One of the first things that people look at in a typical first person shooter is how it looks. Strategy First's UberSoldier II has a decent quality -- probably that of a few years ago mixed with some of today's features, like normal maps and nice-looking effects -- but don't expect a true next-gen look and feel. In-game player models are also decent, and with UberSoldier 2's smaller budget, very acceptable. Environments have a range of quality, from average to excellent, but usually give a feeling of being in the game and don't distract in any way. Weapons also look great from close up, and help add to the authenticity of the game.

As an added bonus, UberSoldier II contains cut-scenes to drive the story further between sections of free play. Unlike most titles out there that will now use either in-engine cut scenes or pre-rendered movies, this title does something quite different, especially considering the genre and time era of the game. In fact, it may almost come across as strange. The truth is that the style of the cut scenes is that of a Graphic Novel. Keeping with a 2D-on-moving-cards style art form, the subtle movements and great art drive the story well.

As far as audio goes, UberSoldier II is at both ends of the spectrum. On the plus side, the music is actually pretty good, has a good beat, and gets you pumped during the battle sequences when waves of enemies are on the hunt for you. During the cut scenes (and sometimes in-game), the voice acting can draw you in, but it is all too often a disappointment, sounding as if the talent is reading directly from cue cards. Along with the poor quality of voiceovers, multiplayer offers little in the way of ambient sounds. Sure, you'll hear the footsteps of your opponents through the water, on that creaky board, or climbing metal stairs, but other than gunshots, that's about all you'll hear. Unfortunately, there are little ambient noises, making multiplayer all too quiet. In addition, those footsteps can be heard from too far away, making it hard to detect when your opposition is sneaking up on you.


Gameplay:

Remembering that UberSoldier II is a budget title, its overall gameplay can be summed up by labeling it reminiscent of games like Quake or Doom of years past. The overall smoothness of the gameplay is sometimes a bit choppy, especially with a lot of on-screen action. In addition, the first section of the game puts the player of this FPS on rails, as you take the helm of the gunner in the back of a jeep driven by an A.I. character. Most people will agree that games on rails do not make good first person shooters, so to appreciate UberSoldier II in any way, you'll have to keep in mind that this rail shooter is only temporary, and that the game will get better (yes, this first section lacked any element of fun because it was extremely hard to aim in all of the bumpiness of the jeep).

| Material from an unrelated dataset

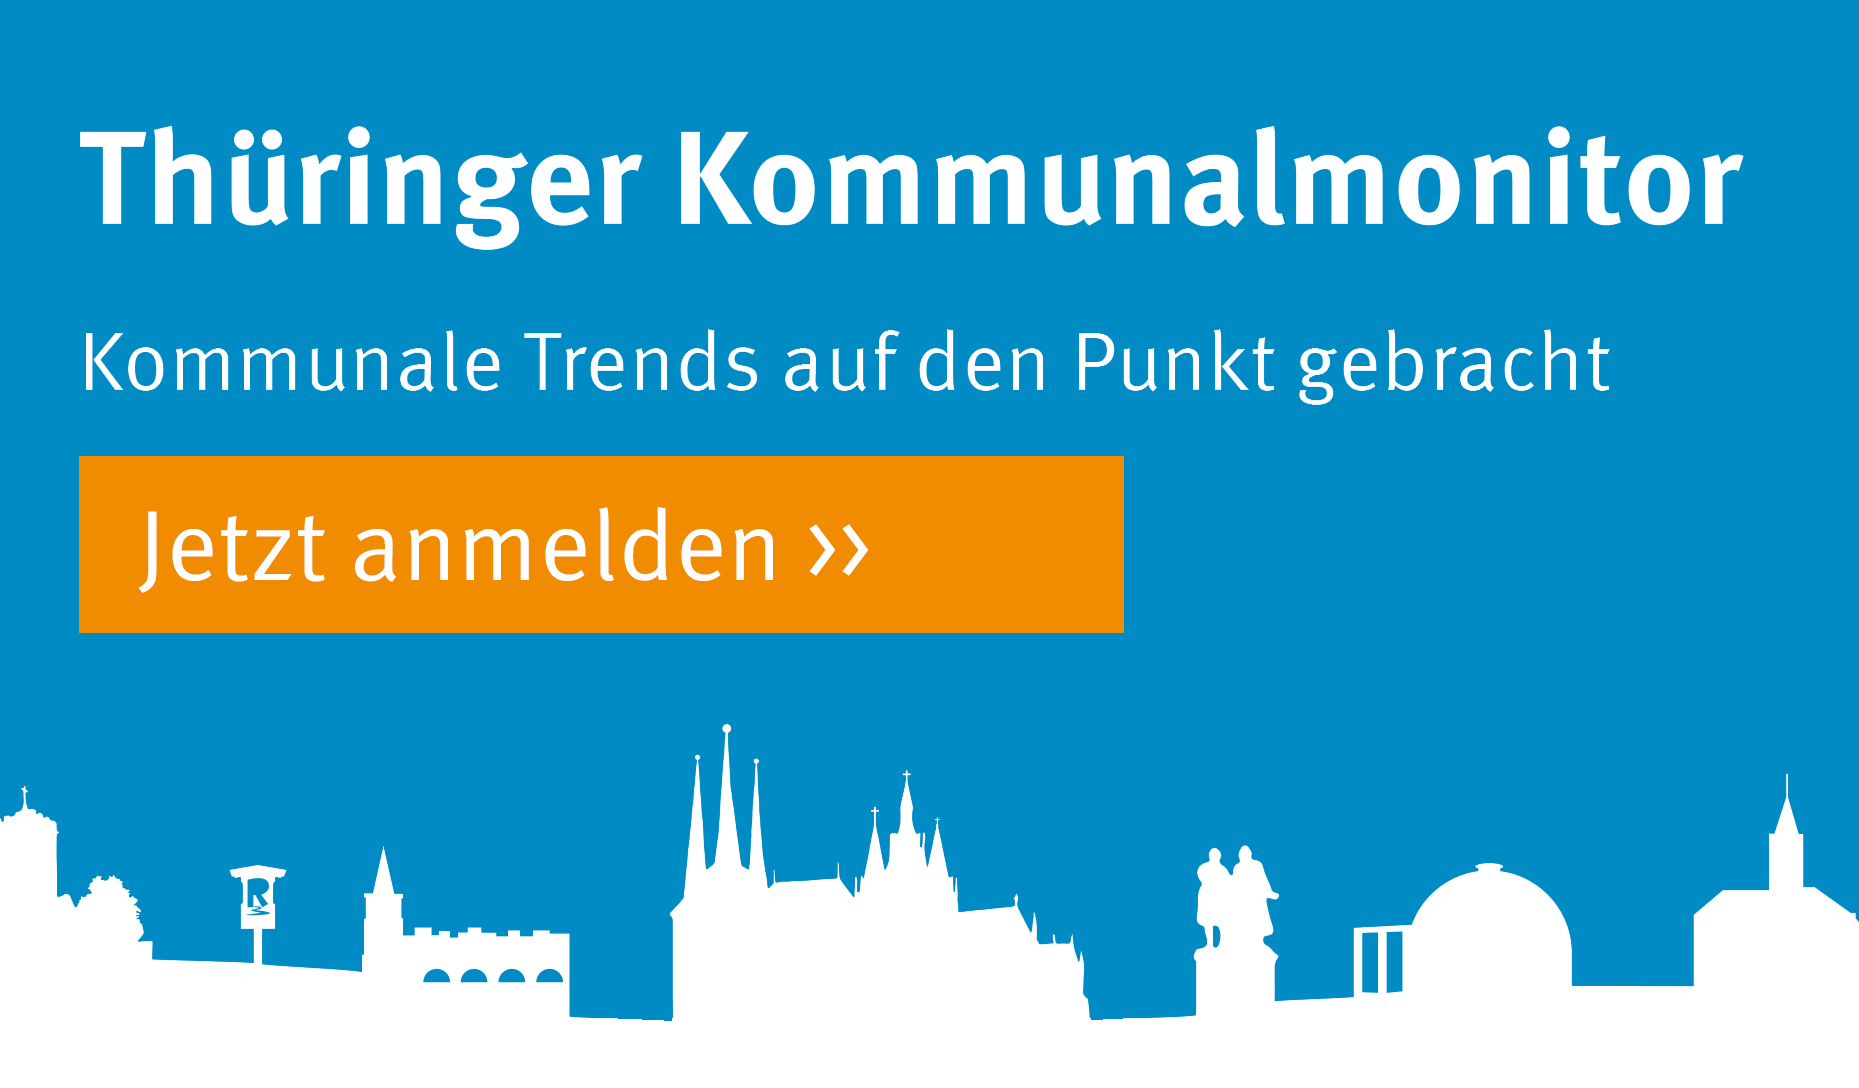 Thüringer Kommunalmonitor: Kommunale Trends auf den Punkt gebracht. Eine Studie im Auftrag der Thüringer Aufbaubank.

Set in Nazi Germany, 1945, UberSoldier II pits you, a member of the German Resistance, against the enemy, incorporating replica weapons and multiple enemies to fight your way through. The gimmick here is in your Uber abilities. Basically, as you pick off enemies, you'll be given a chance to enter special slow-motion fighting instances, including a focused sniper mode (when you take out three enemy soldiers with head shots, each within a time limit) and a Berserk mode (when you knife three enemies within the given time limits), which allows you to go on a knifing spree. At any time that your blue meter is full, you'll also be able to bring up your Uber Shield. This shield will protect you from incoming bullets, but not knifing enemy soldiers. Their bullets will get caught up in your shield, and providing you have some white left of the meter, will be hurled back at the enemy upon release of the shield.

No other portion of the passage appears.